# Ensemble Learning and Random Forests

Random Forest: A bunch of decision trees trained on random subsets of the data 
    - Tends to beat single trees trained on full dataset

A good idea is to train a few different good models and then combine them making one ensemble model

Can weight each model's contribution to the ensemble based on its test accuracy

## Voting Classifiers

Example: you have trained a logistic regression, svm classifier, and random forest. Each are around 80% accuracy

Hard Voting Classifier: each model counts as a vote, the ensemble prediction is whichever class gets the most votes (simple majority)

Voting works well if you have models that are "good" at different classes (diverse models)

Get more diverse models by training them differently. Play with hyperparams or train on different subsets of data.

In [None]:
from sklearn.datasets import make_moons
from sklearn.ensemble import VotingClassifier, RandomForestClassifier
from sklearn.linear_model import LogisticRegression
from sklearn.model_selection import train_test_split
from sklearn.svm import SVC

X, y = make_moons(500, noise=.3, random_state=42)
Xtrain, Xtest, ytrain, ytest = train_test_split(X, y, random_state=42)

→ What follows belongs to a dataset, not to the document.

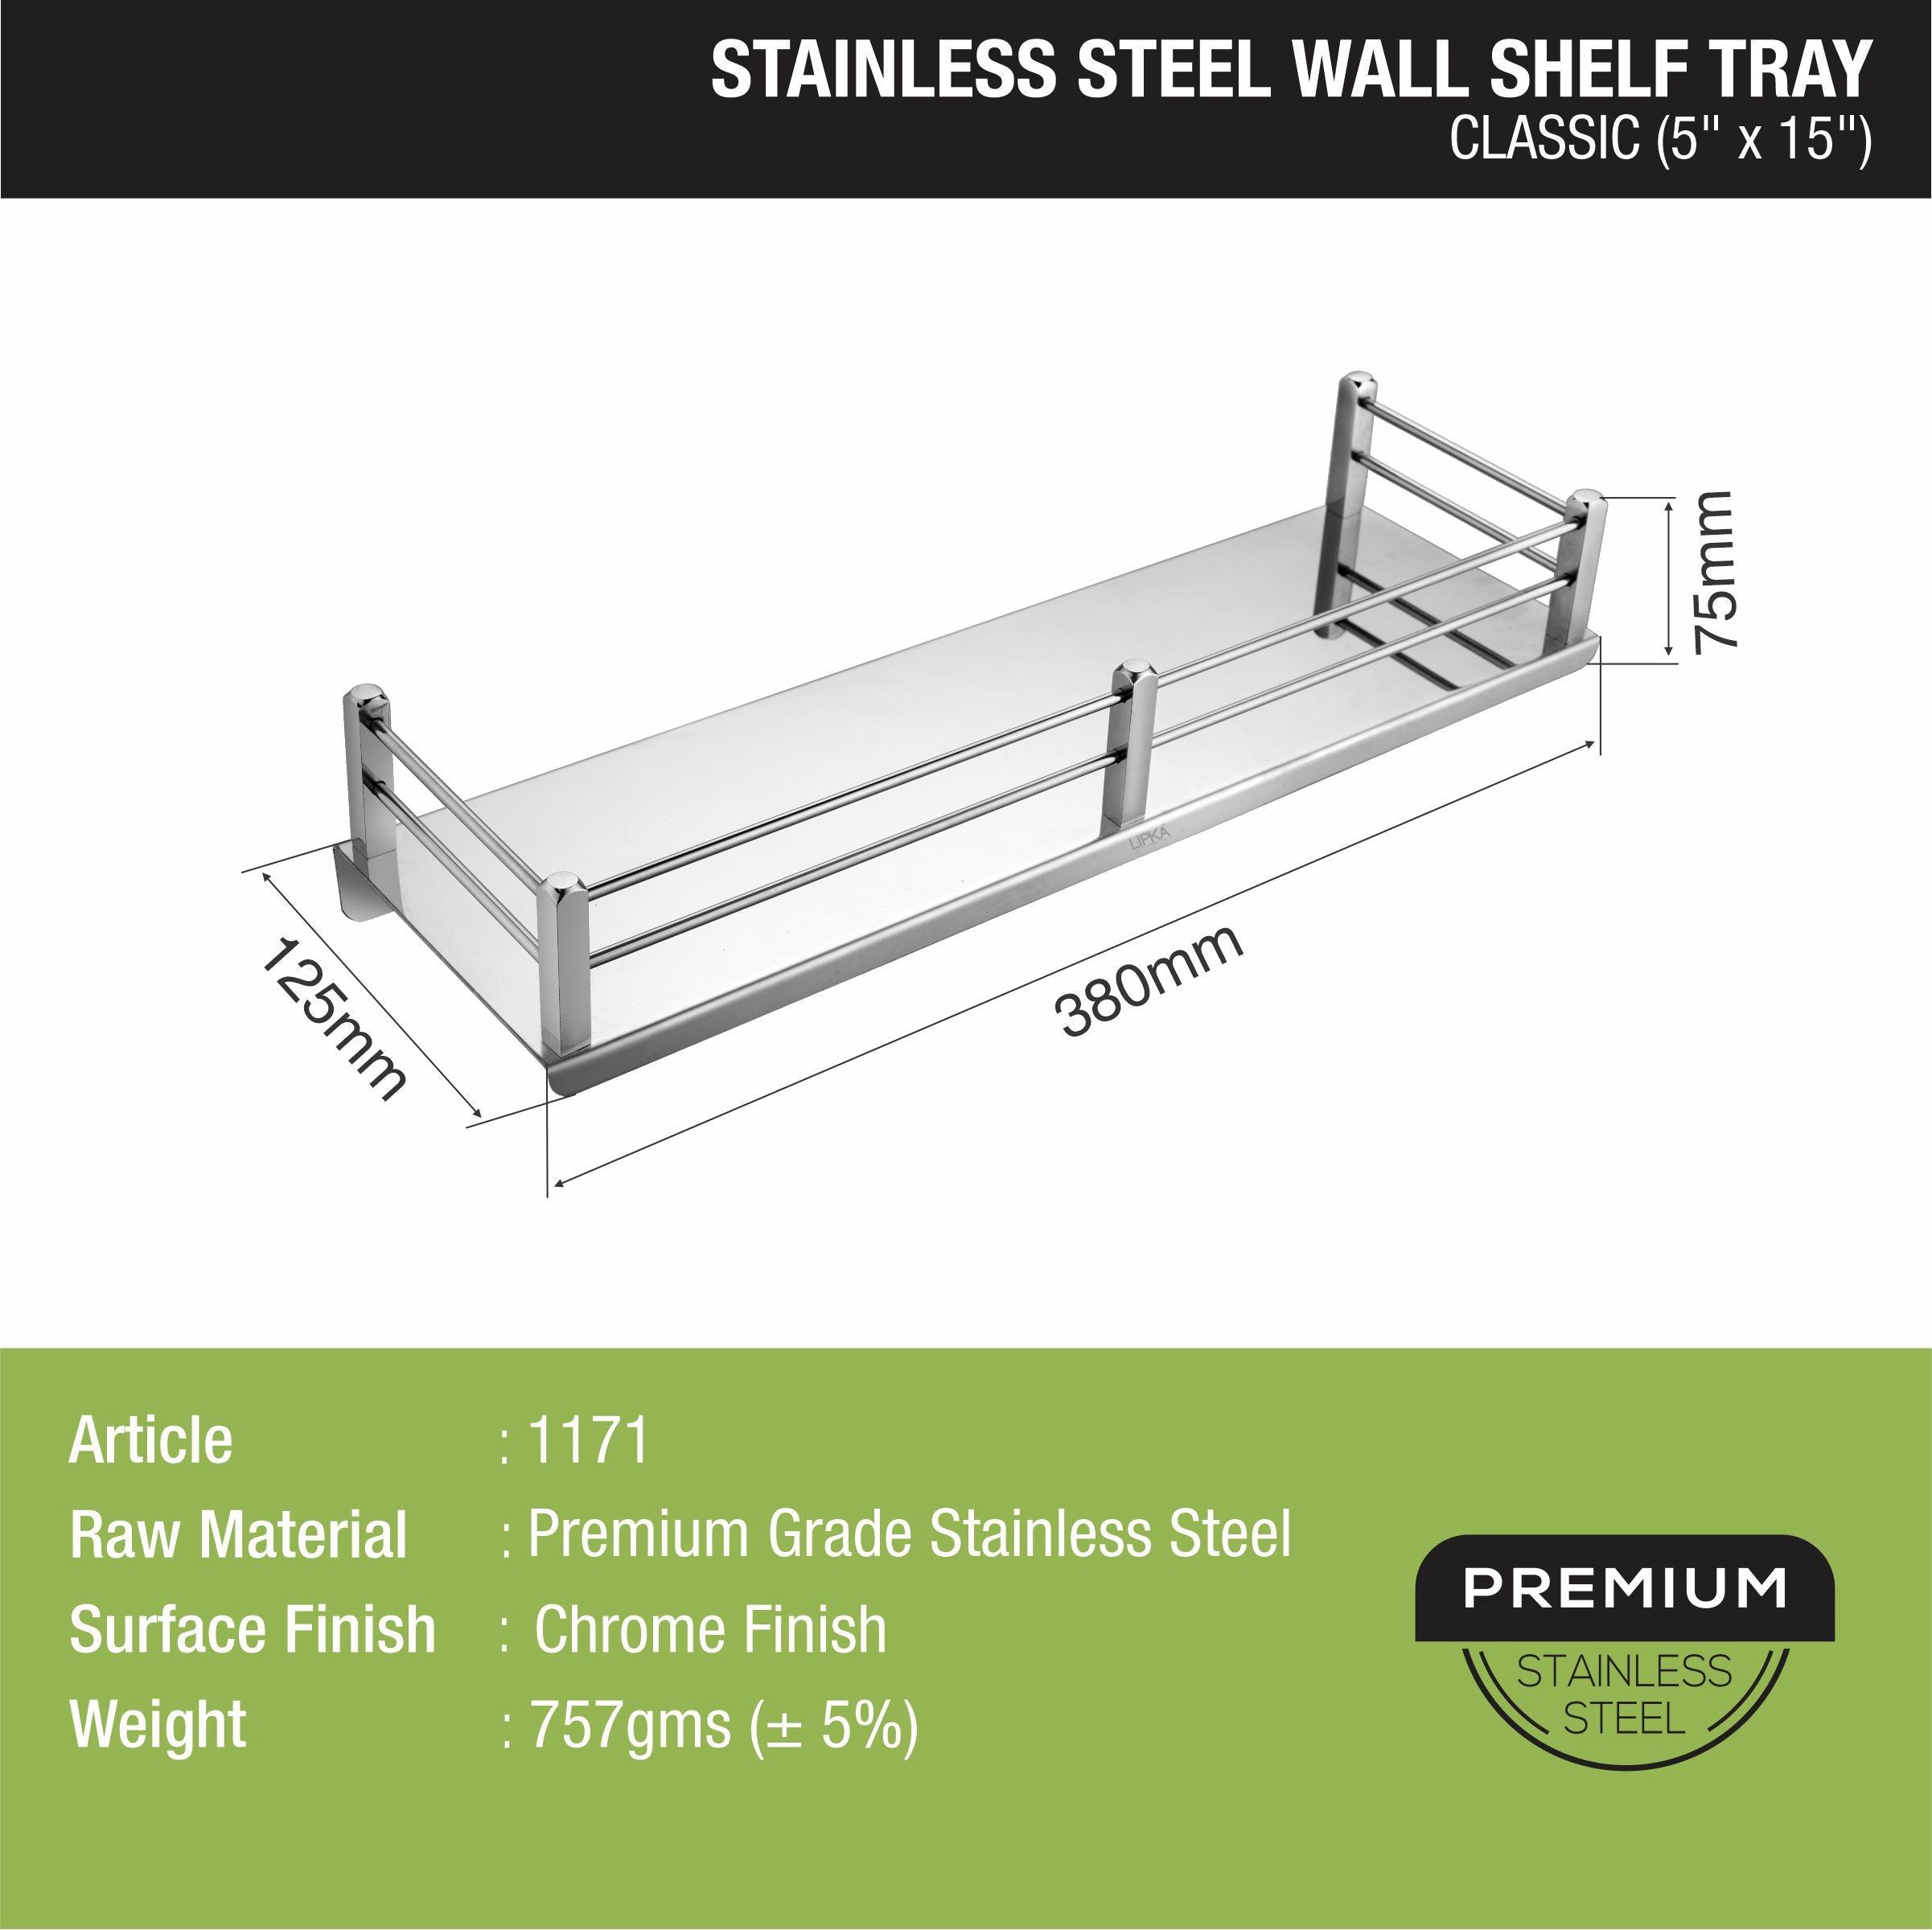 Classic Wall Shelf Tray (5 x 15 Inches) size and dimension
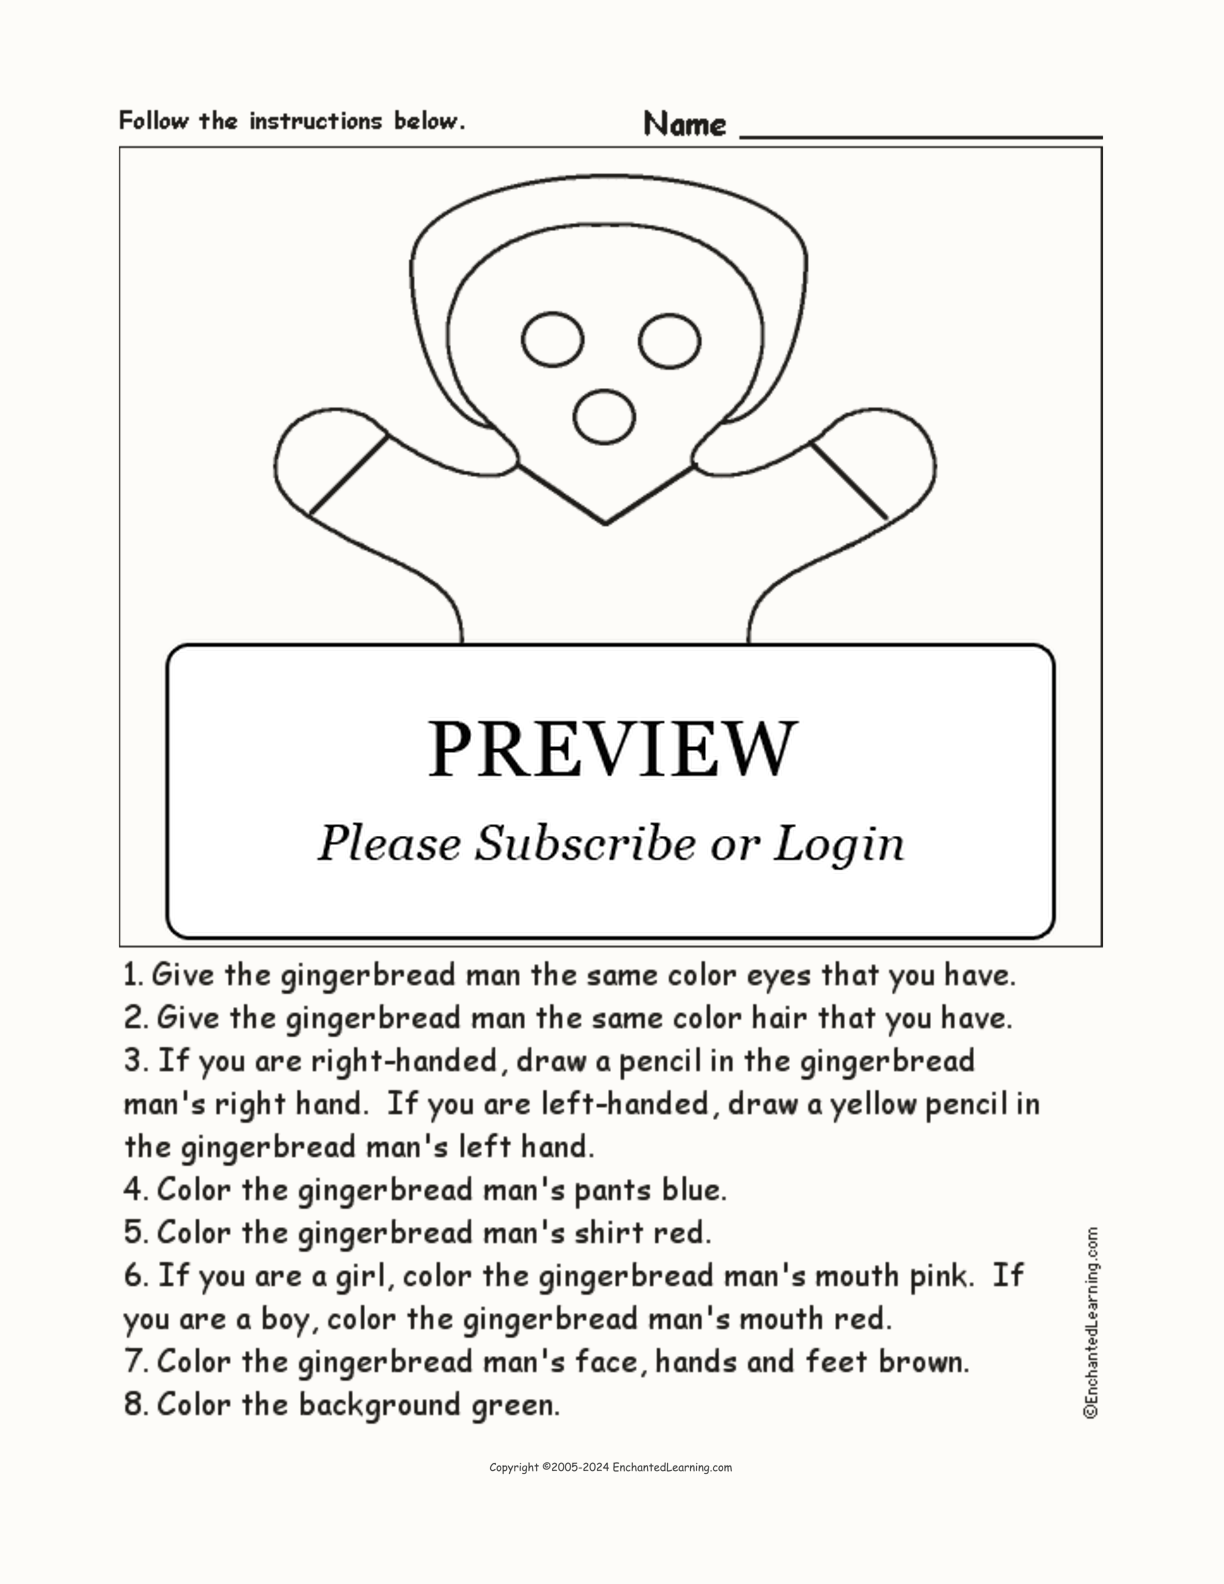 The Gingerbread Man - Follow the Instructions interactive worksheet page 1

votingClf = VotingClassifier(
    estimators=[
        ("log", LogisticRegression(random_state=42)),
        ("rf", RandomForestClassifier(random_state=42)),
        ("svc", SVC(random_state=42))
    ]
)

votingClf.fit(Xtrain, ytrain)

In [32]:
for name, estimator in votingClf.named_estimators_.items():
    print(name, estimator.score(Xtest, ytest))

log 0.864
rf 0.896
svc 0.896


In [33]:
votingClf.score(Xtest, ytest)
# Hard voting gets about 1.5% better than individual models

0.912

#### Soft Voting

If the individual models have a .predict_proba() method, you can soft vote, which uses the averaged predicted probas to decide the correct class. This is usually better than hard voting.

In [34]:
votingClf.voting = "soft"
votingClf.named_estimators['svc'].probability = True
votingClf.fit(Xtrain, ytrain)
votingClf.score(Xtest, ytest)

# if predicted probs are not well calibrated, you can use sklearn.calibration.CalibratedClassifierCV to calibrate

0.92

## Bagging and Pasting
Idea: use multiple instances of the same training algorithm, but different subsets of the data

Bagging: Sampling data w/ replacement (different models can have very similar data subsets)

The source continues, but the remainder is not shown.